For another overview of the project it is useful to look at it through the 6D framework. Note that since my project is a platform trying to directly map to the 6D framework in some cases it makes more sense to look at how a use case utilizing the platform can apply the 6D framework.

### Decomposition
The purpose of the platform is to speed up the process of setting up, performing, and analyzing a series of reinforcement learning experiments. By speeding up the process around experimentation, users will be able to achieve their own goals which might fall in the 'reduce workload', 'speed up process', or 'achieve new insight' realm.

### Domain Expertise
There are a few relevant domains for my project:
* Reinforcement Learning
* Platform as a Service
* Atari games

#### Reinforcement Learning
For the reinforcement learning aspect I learned quite a bit while performing research and experimentation for my research paper. I am still a novice though and so I spent a good bit of time reading through the algorithms implemented by CleanRL.

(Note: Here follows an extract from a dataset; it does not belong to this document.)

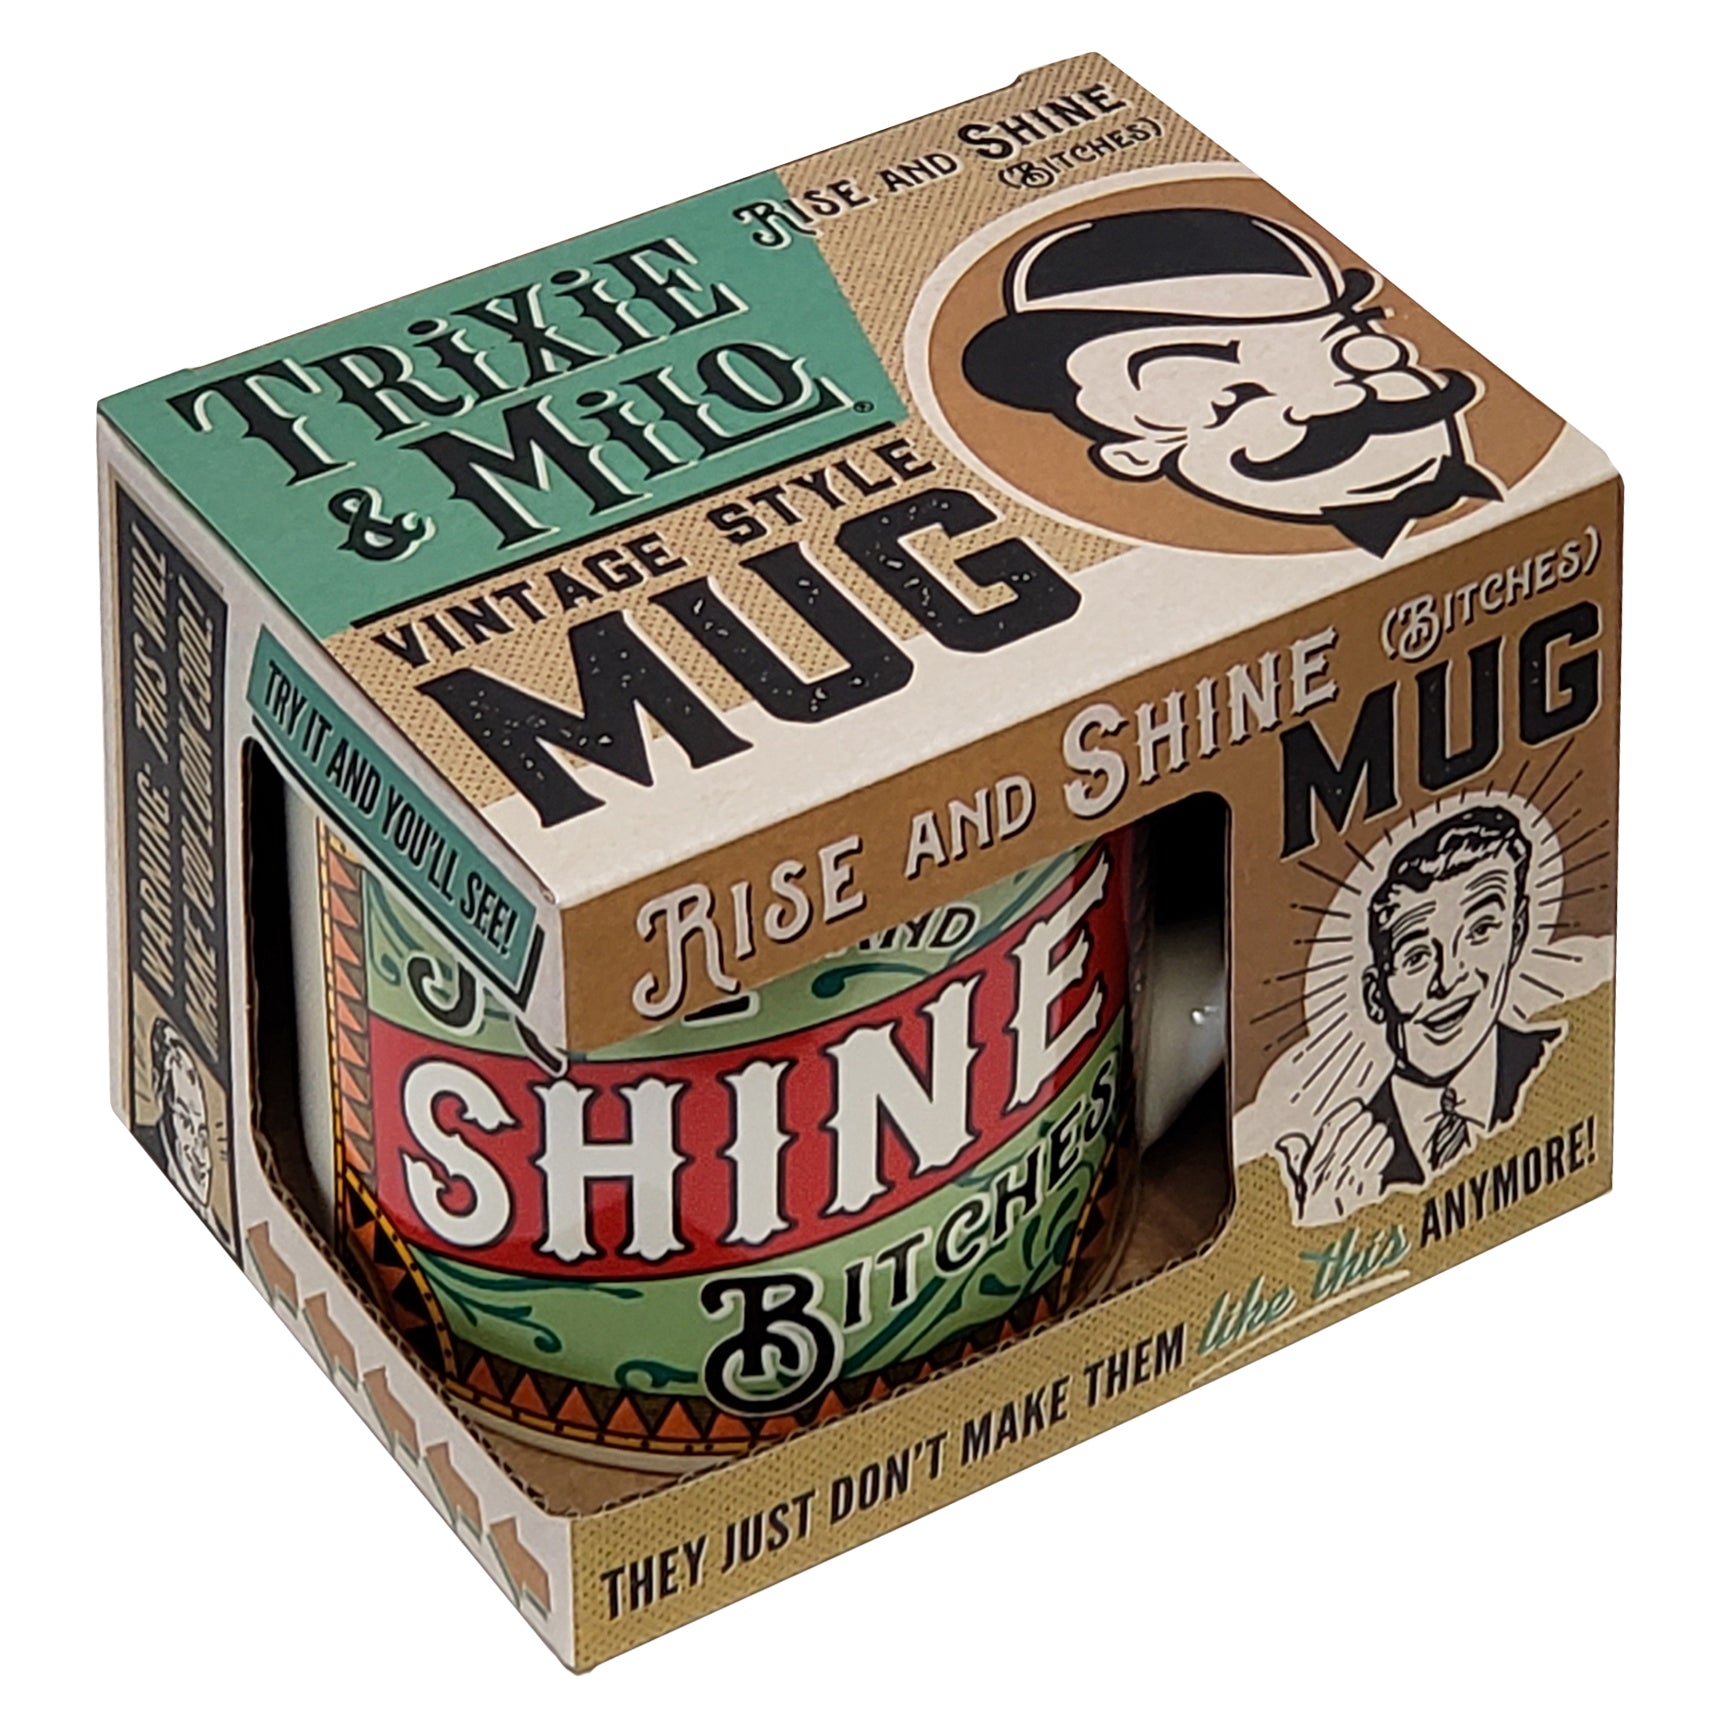 ceramic tea or coffee mug. cafe cup reads "Rise and Shine Bitches" in white, red, green, orange and black retro vintage style presented in kitschy gift box

#### Platform as a Service
I have some experience building out a platform as a service on top of AWS and almost 20 years of software development exerience. While I had no experience with many of the tools outside of some Docker experience, I could at least apply related experience to have better insights on what to focus on. 

#### Atari games
Atari games are simple and I have experience playing some of them, so I had an advantage by choosing to test out my platform with atari games as opposed to another realm on which I was not familiar.

### Data
Since I am focused on a platform and reinforcement learning my project did not rely on collecting data and all of the concerns there such as getting labeled data, making sure the collection was ethical, and minimizing bias. The data concerns for my project were all on the output side. For this I focused more on the design of capturing the data from experiments in a way that was most useful for users of the platform.

### Design
The platform design is to support experiment training for a broad range of use cases. I provided immediate support for running the CleanRL algorithms against environments in the OpenAI gym, but made it simple to add other environments and other ways to integrate different agents while still being able to track experiments, checkpoint the models, and resume training using Weights and Biases.

### Diagnosis
The most important part of my system project was providing an environment where end users could analyze their experiments. Some of the key components to help diagnose experiments include:
* Visualization of key training information (many charts shown using both WandB and tensorboard)
  - Training performance over time
  - Number of steps and episodes to achieve certain performance
* Visualization of games at various points in training (video display)
* Capture of all hyperparameters for an experiment for repeatability and tweaking for future experiments
* Easily comparing metrics for multiple experiments

### Deployment
I wanted deployment of my platform to be as flexible as possible in order to support many use cases. Some of the key features I focused on for deployment were:
* Run locally on Mac OS
* Run locally on Linux
* Run using Docker containers on either Linux or Mac OS
* Possibility to run in the cloud

Note that I did not test out cloud deployment due to cost concerns as well as not having the time to set things up. I did investigate and found Terraform projects for hosting WandB on each of the major cloud platforms. Each platform also has ways to run docker containers (ECS and EKS in AWS, Cloud run in Google cloud, and Azure container instances in Azure). That would be a logical next future step for this project.